Gross margin	(revenue − cost_of_goods) / revenue	Share of each revenue dollar that survives COGS	Cost allocation choices change the answer; document them.
Conversion rate	conversions / qualifying_visitors	Share of visits that produced a purchase	Definition of 'qualifying visitor' is everything. Bots are not customers.
Churn rate (monthly)	churned_in_month / customers_at_start_of_month	Share of the base that left this month	'Churn' needs a behavioral definition — 'no purchase for 60 days' is a choice.
Repeat purchase rate	customers_with_≥2_orders / total_customers	Share of customers who returned at least once	The window matters: 30 days, 90 days, or lifetime tell different stories.
Revenue per customer (ARPU)	revenue / active_customers	Average value of an active customer in the period	Defining 'active' as 'any purchase' inflates the denominator with one-time buyers.
Customer lifetime value (simple)	AOV × purchase_frequency × expected_retention	Forecast of total revenue from a customer over their tenure	All three inputs are estimates with their own error — report a range, not a point.
Market share	brand_sales / category_sales	Share of category demand captured	Boundary of 'category' is editorial — be explicit about it.

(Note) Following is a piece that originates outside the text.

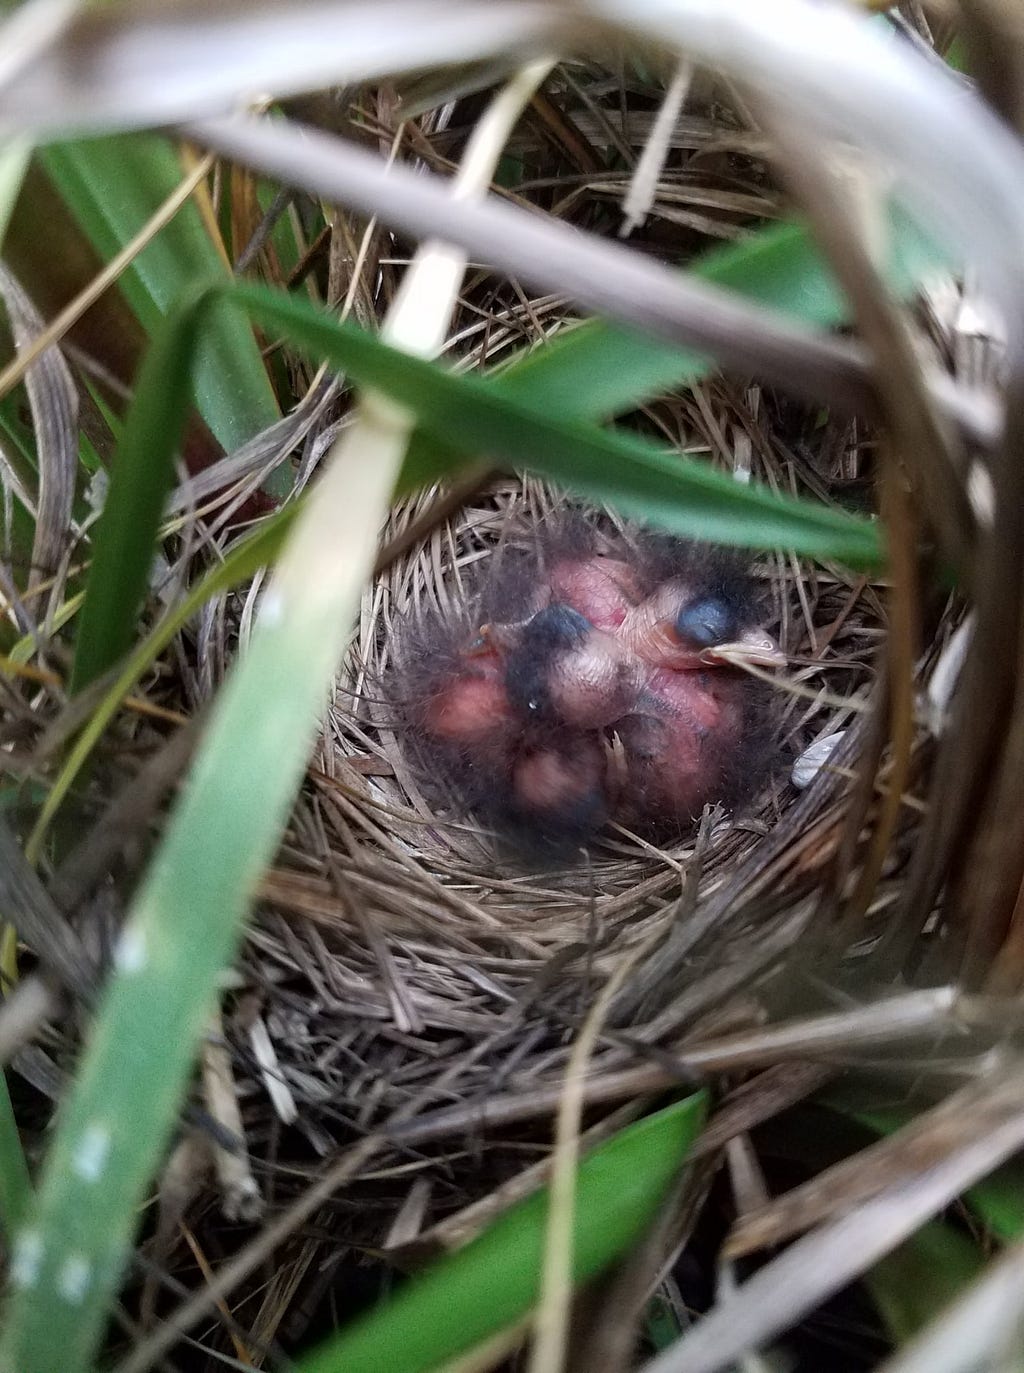 Salmarsh sparrow nest with three chicks in cordgrass

Figure 2 names the metrics that should appear in almost every Bean & Basket review. Look at the right-hand column. Every entry there is a place where two analysts can produce two different numbers from the same raw data — not because anyone made a mistake, but because the metric's definition contains a degree of freedom and the two analysts picked it differently. "Churn" needs a behavioral definition. "Active customer" needs a window. "Conversion rate" needs a notion of qualifying visitor. "Customer lifetime value" needs three estimates, each with their own error bars, multiplied together. The single biggest source of disagreement in real analytics meetings is not the data — it is the metric definition, and the disagreement is usually silent because everyone assumes everyone else's number was computed the same way.

The defense is mechanical: every metric used in a recurring report should have a one-paragraph definition in a shared document, and the formula in the dashboard should point back to that paragraph. "Active customer: any individual with a completed transaction in the last 90 days, regardless of loyalty membership." That sentence is the difference between three analysts producing three CLV numbers and three analysts producing one.

A metric is a contract

There is a more general failure mode in this chapter worth flagging once. A metric is a contract. When a CMO sees "conversion rate: 4.2%" on a slide, she is reading a number that depends on a chain of definitional decisions — what is a visitor, what is a conversion, what is the window, how are bots excluded, are returning visitors deduplicated. Each link in the chain was made by someone, at some point, often without writing it down. The next time the metric is recomputed — by a different analyst, on a different data warehouse, with a slightly different filter — the answer will be different, and the disagreement will be invisible. Treating metric definitions as governance artifacts, not as engineering details, is the only way a multi-year dashboard remains comparable to itself. This is exactly the role of the metric card in the artifact family from Part 0: a one-page, versioned definition that travels with the number wherever it is reported, so a CMO and a data engineer reading the same word mean the same thing.

What to ship

Before asking what is our conversion rate?, ask what does conversion rate mean here? Transformations and metrics are the layer where raw data becomes business language, and the translation is full of editorial choices. The cheapest insurance an analytics team can buy is a metrics dictionary — one paragraph per metric, naming the formula, the window, the unit, and the exclusions — versioned alongside the dashboard that uses it. When a metric moves between reports, the paragraph moves with it. When two reports disagree, the paragraphs are the first place to look. The work of writing those paragraphs is the work of governance; the work of running the SQL is the work of engineering. Confuse them and the numbers will quietly diverge across the organization for years before anyone notices.